## WHAT YOU NEED TO DO
Pictures stay out of the copy. Retype exactly the lines below from the one with "Men's Knitted Polo Shirts | Sunspel" through the one with "Real Jet Engine".

## DATASET EXCERPT
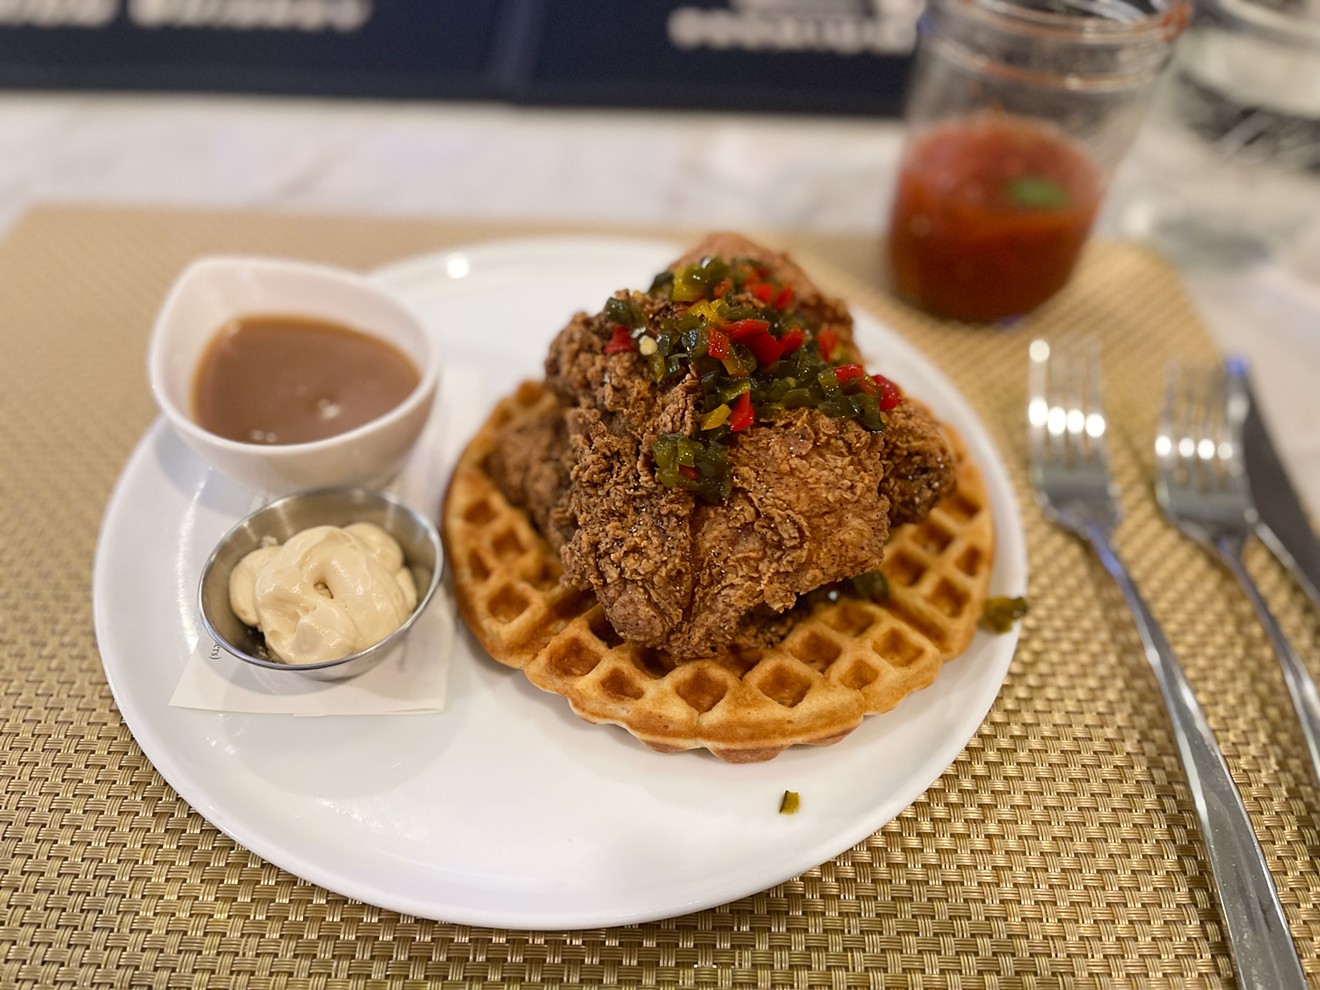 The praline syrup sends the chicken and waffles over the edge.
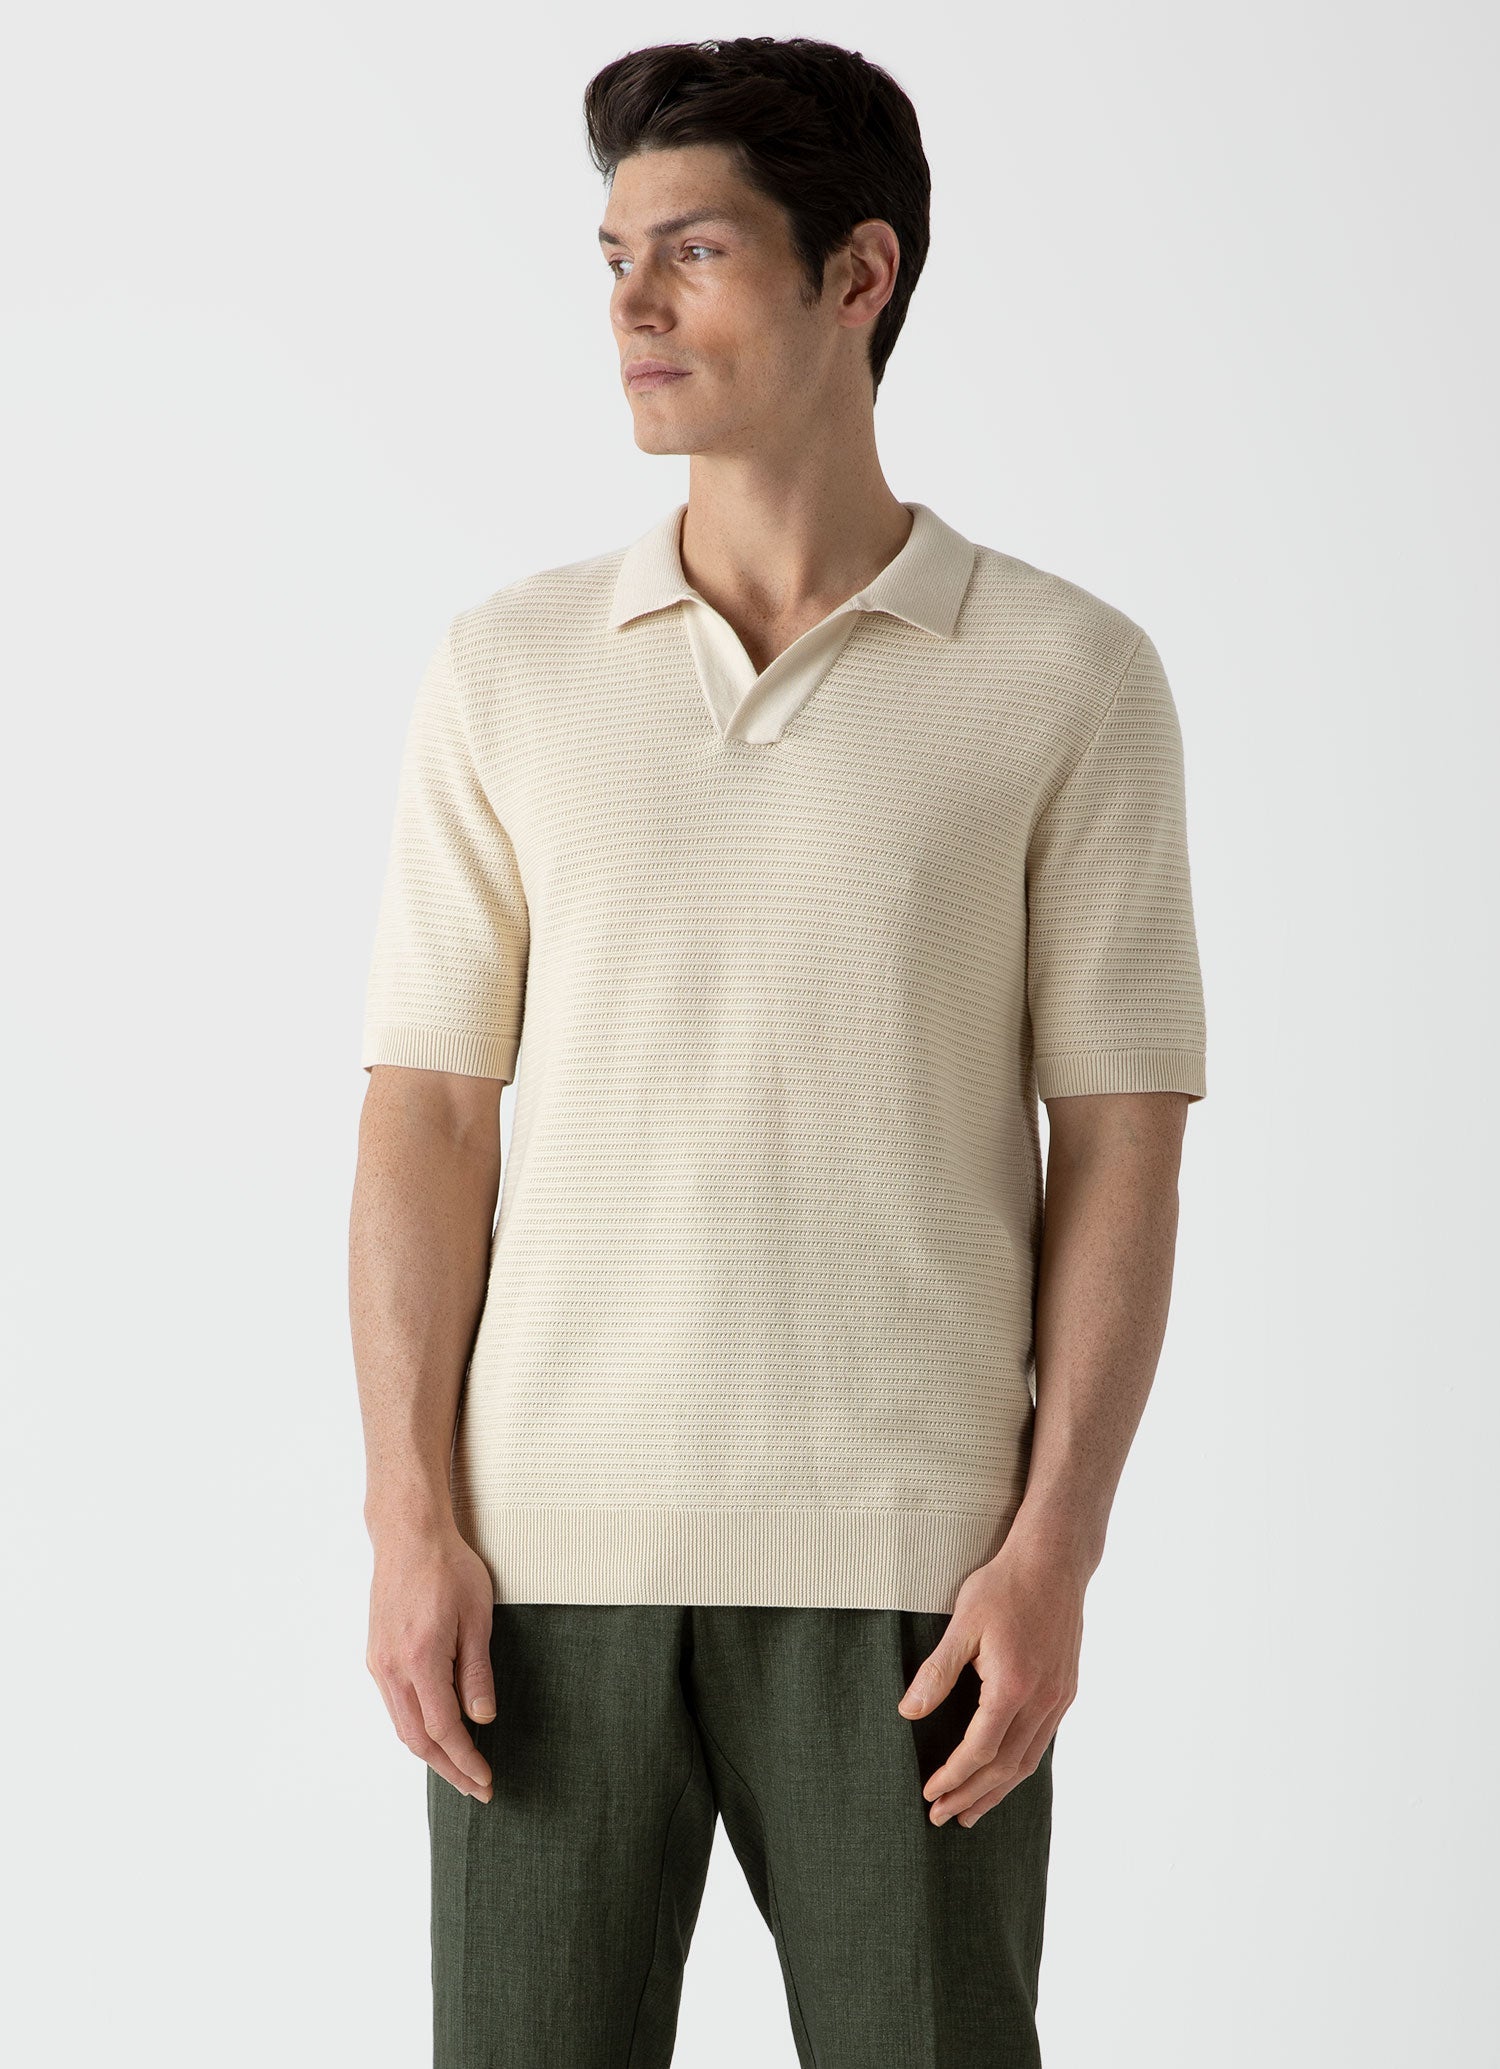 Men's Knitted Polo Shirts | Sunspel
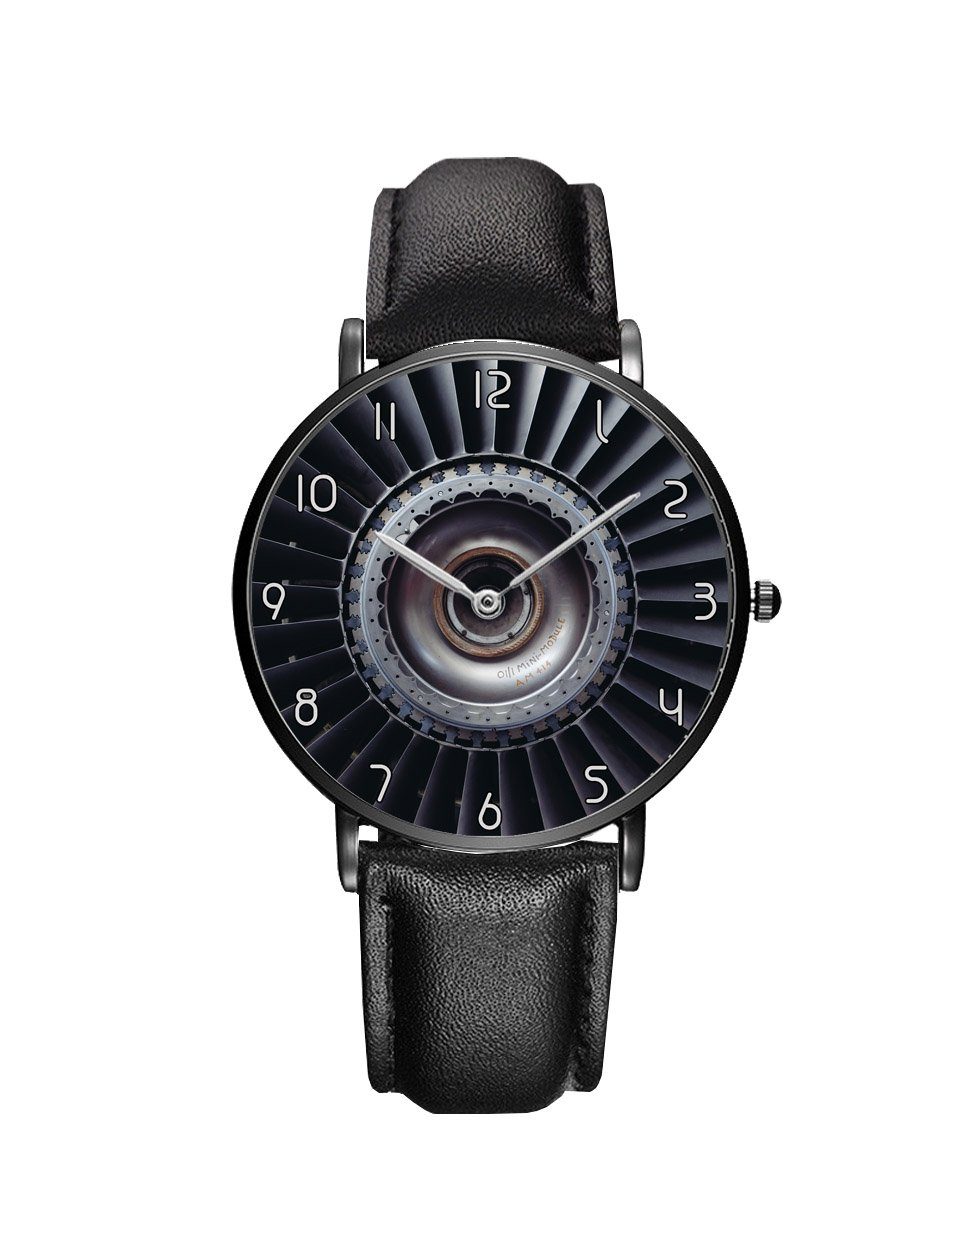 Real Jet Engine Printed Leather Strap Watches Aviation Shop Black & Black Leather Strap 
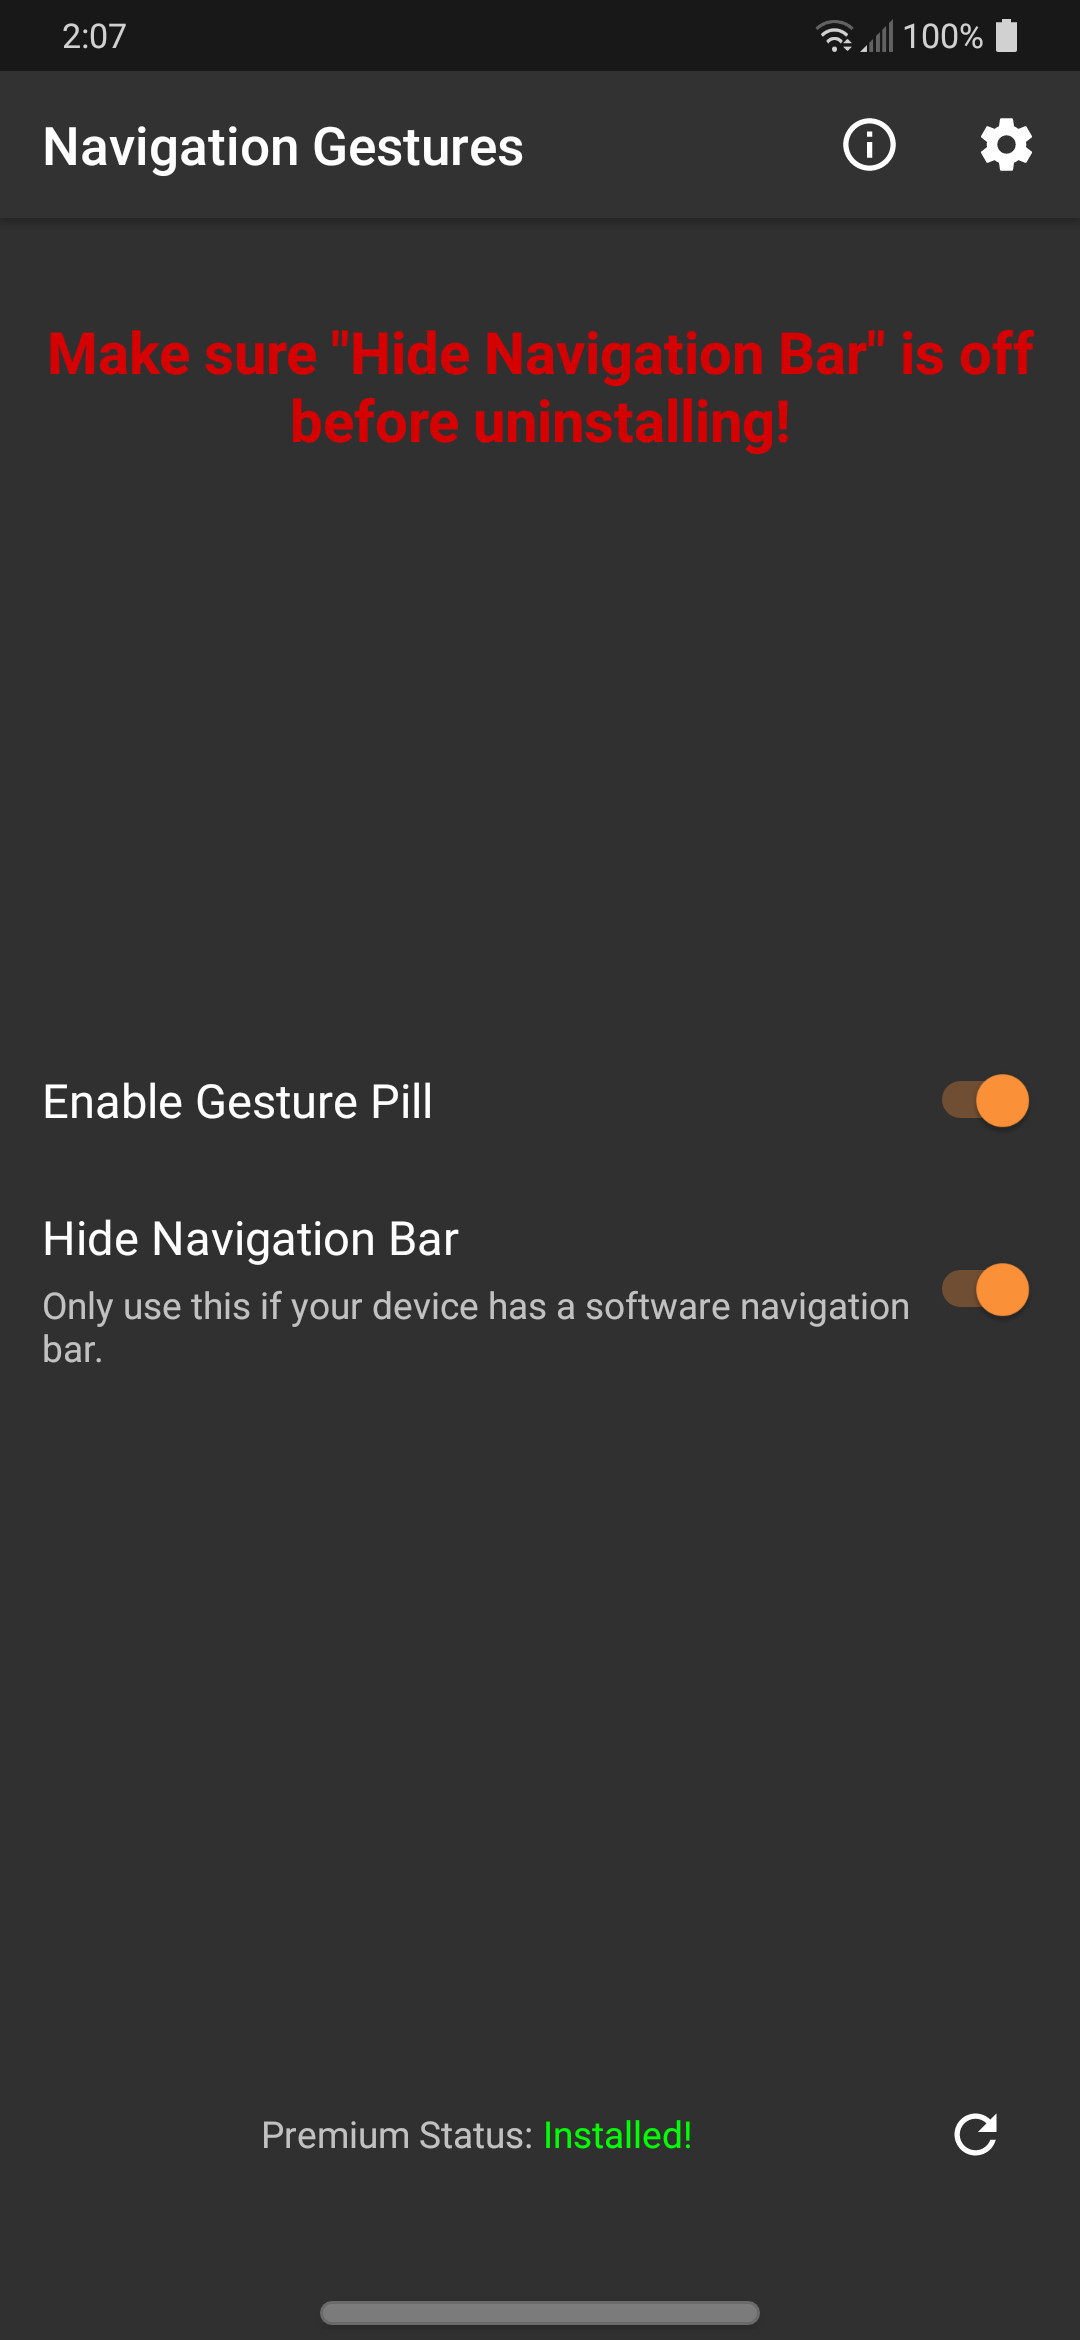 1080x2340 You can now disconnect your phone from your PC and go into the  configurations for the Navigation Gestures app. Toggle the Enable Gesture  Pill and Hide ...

## RESULT
 Men's Knitted Polo Shirts | Sunspel
 Real Jet Engine Printed Leather Strap Watches Aviation Shop Black & Black Leather Strap 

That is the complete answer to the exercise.